**TASK TO COMPLETE**
From the material below, set down exactly the lines that run from the one containing "Herrlicher Bootcut Jeans" to the one containing "Rasiermesser 1955 praktischem", minus the pictures.

**RAW DATA**
* * *
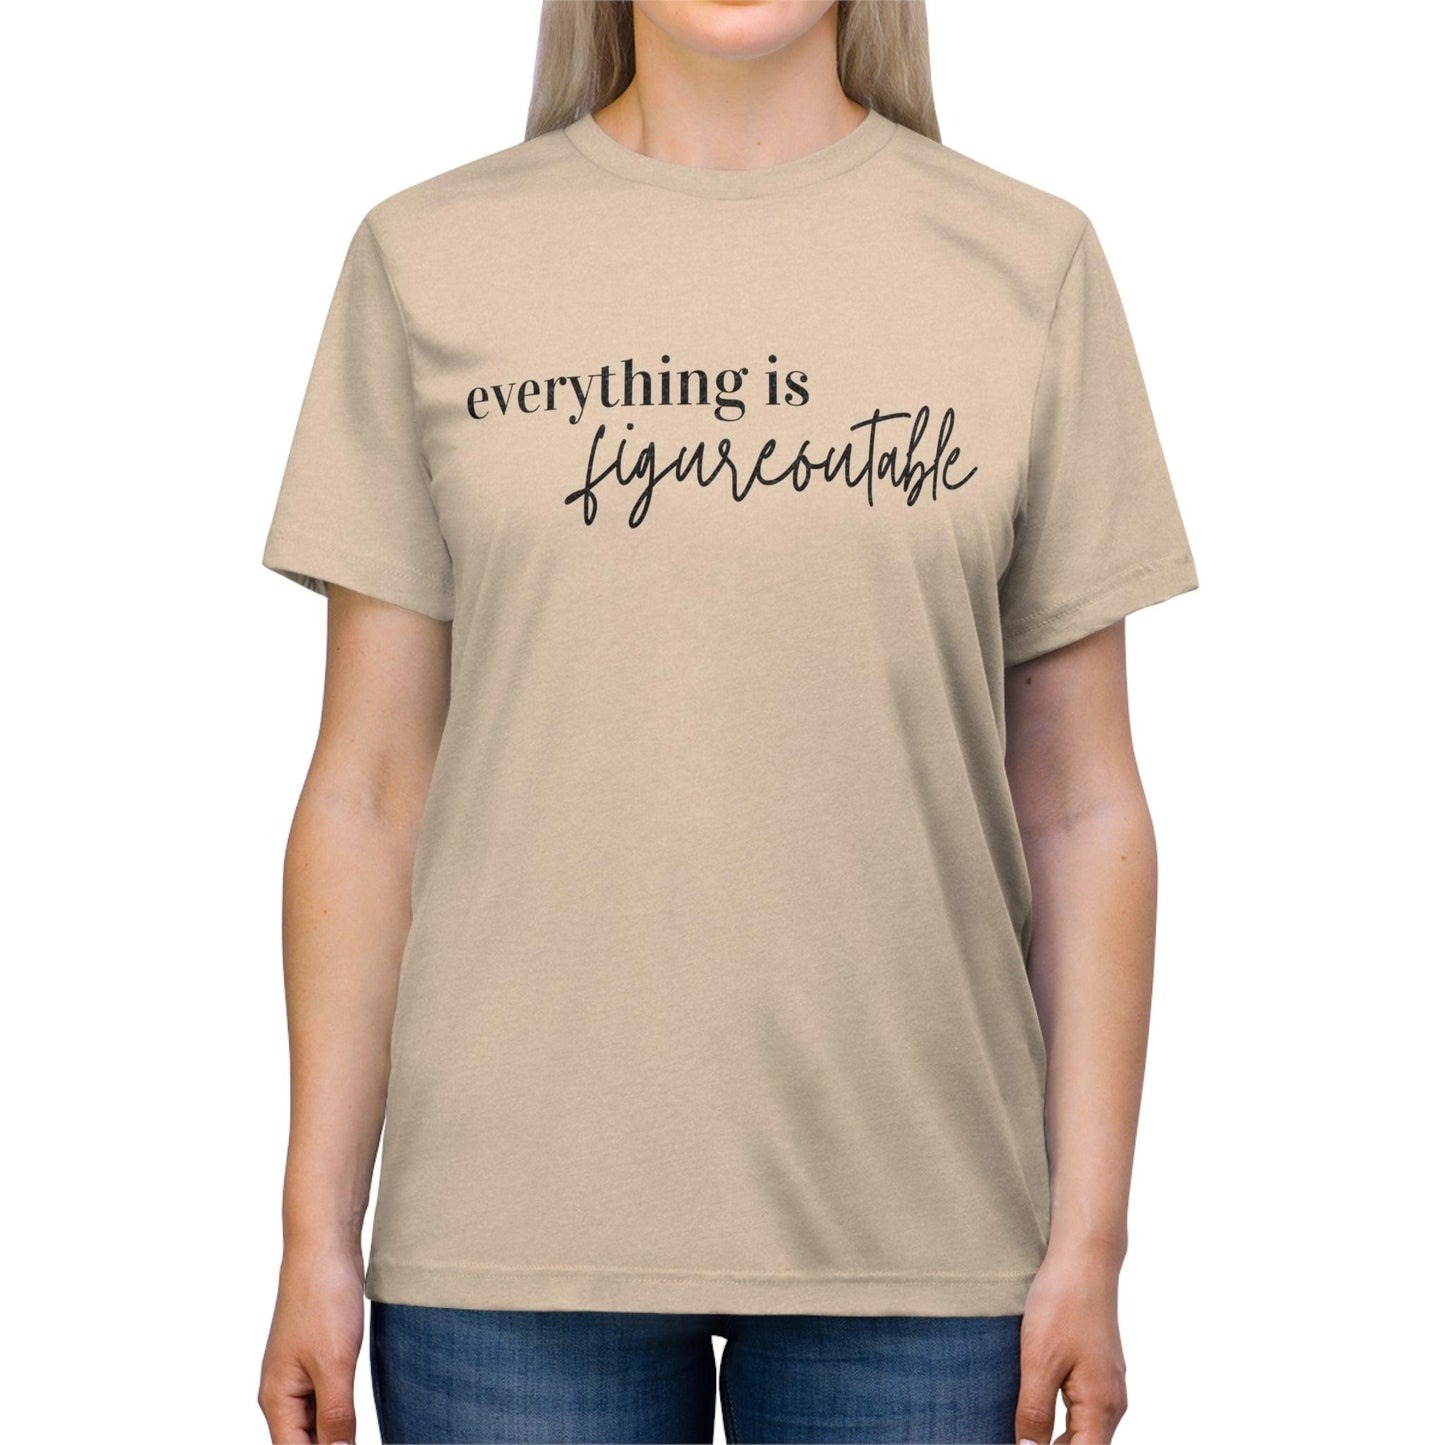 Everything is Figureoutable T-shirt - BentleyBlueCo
* * *
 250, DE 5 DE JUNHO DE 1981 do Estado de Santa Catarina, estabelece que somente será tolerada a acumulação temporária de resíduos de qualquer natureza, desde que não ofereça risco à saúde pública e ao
* * *
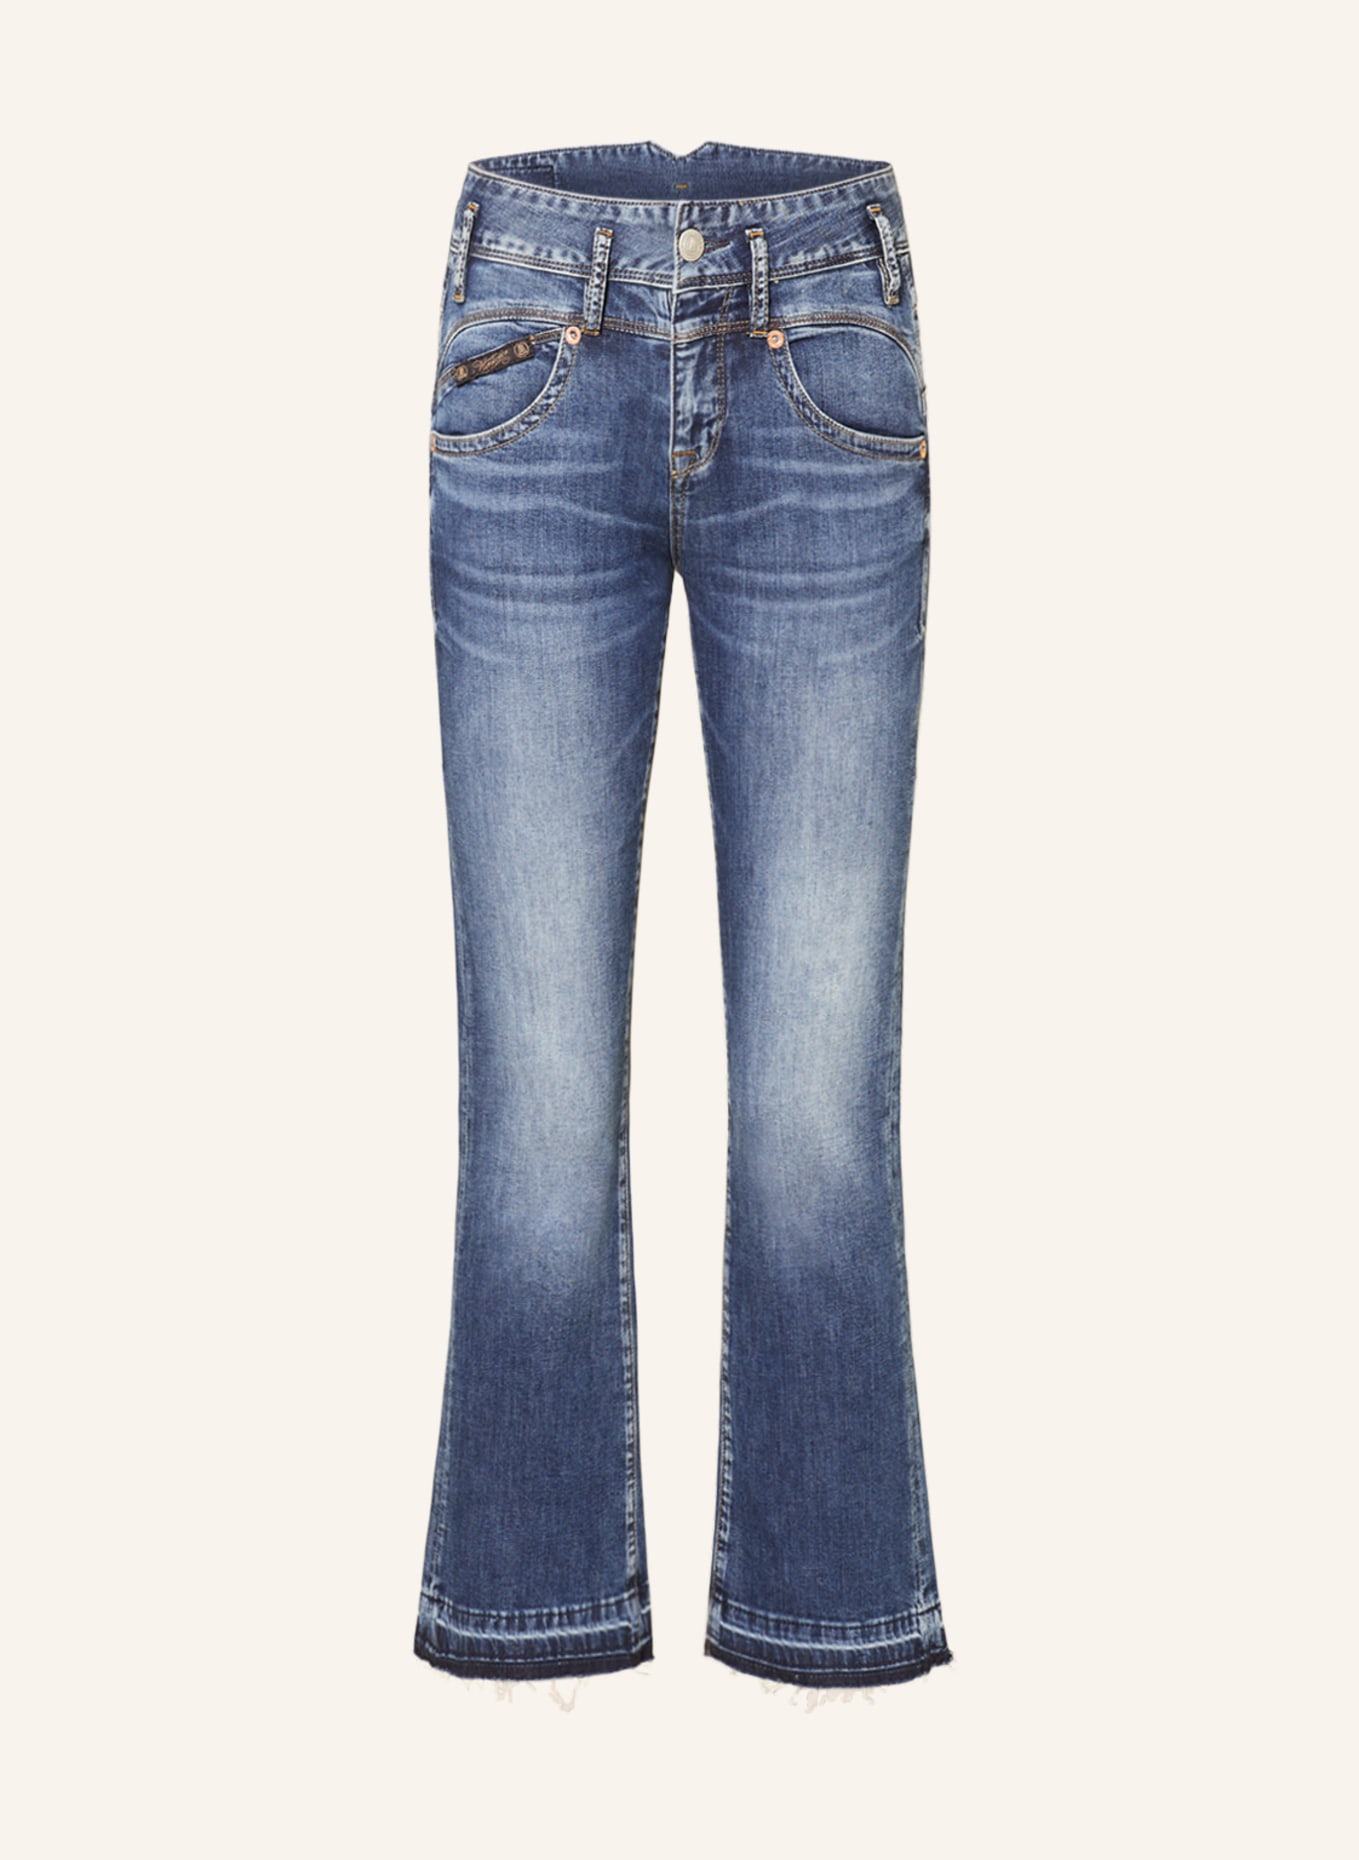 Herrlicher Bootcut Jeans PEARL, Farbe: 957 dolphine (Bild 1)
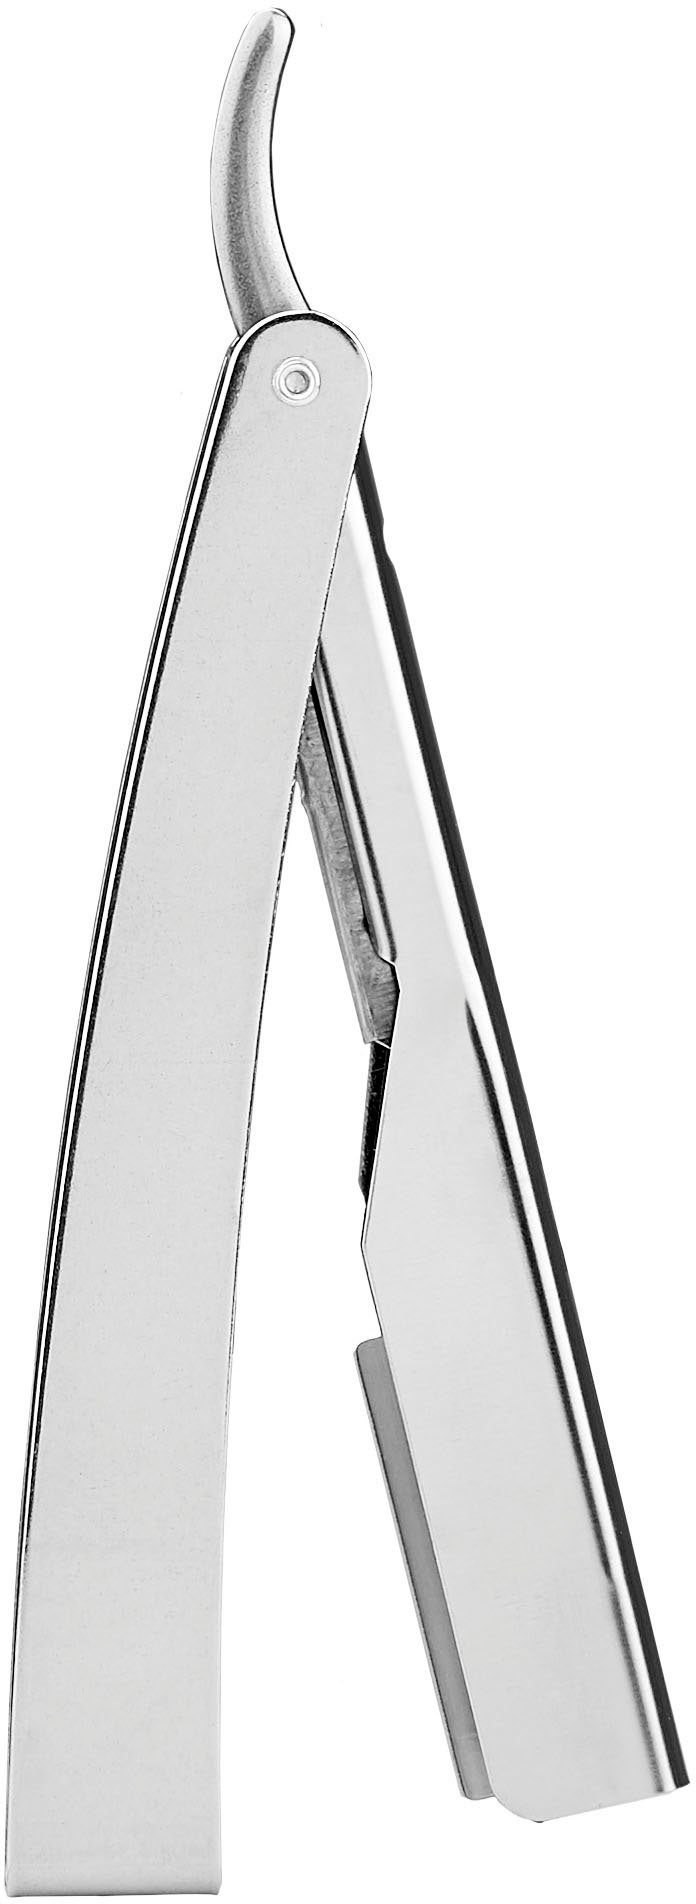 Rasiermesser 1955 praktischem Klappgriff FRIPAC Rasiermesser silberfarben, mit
* * *
**OUTPUT OF THE EXERCISE**
 Herrlicher Bootcut Jeans PEARL, Farbe: 957 dolphine (Bild 1)
 Rasiermesser 1955 praktischem Klappgriff FRIPAC Rasiermesser silberfarben, mit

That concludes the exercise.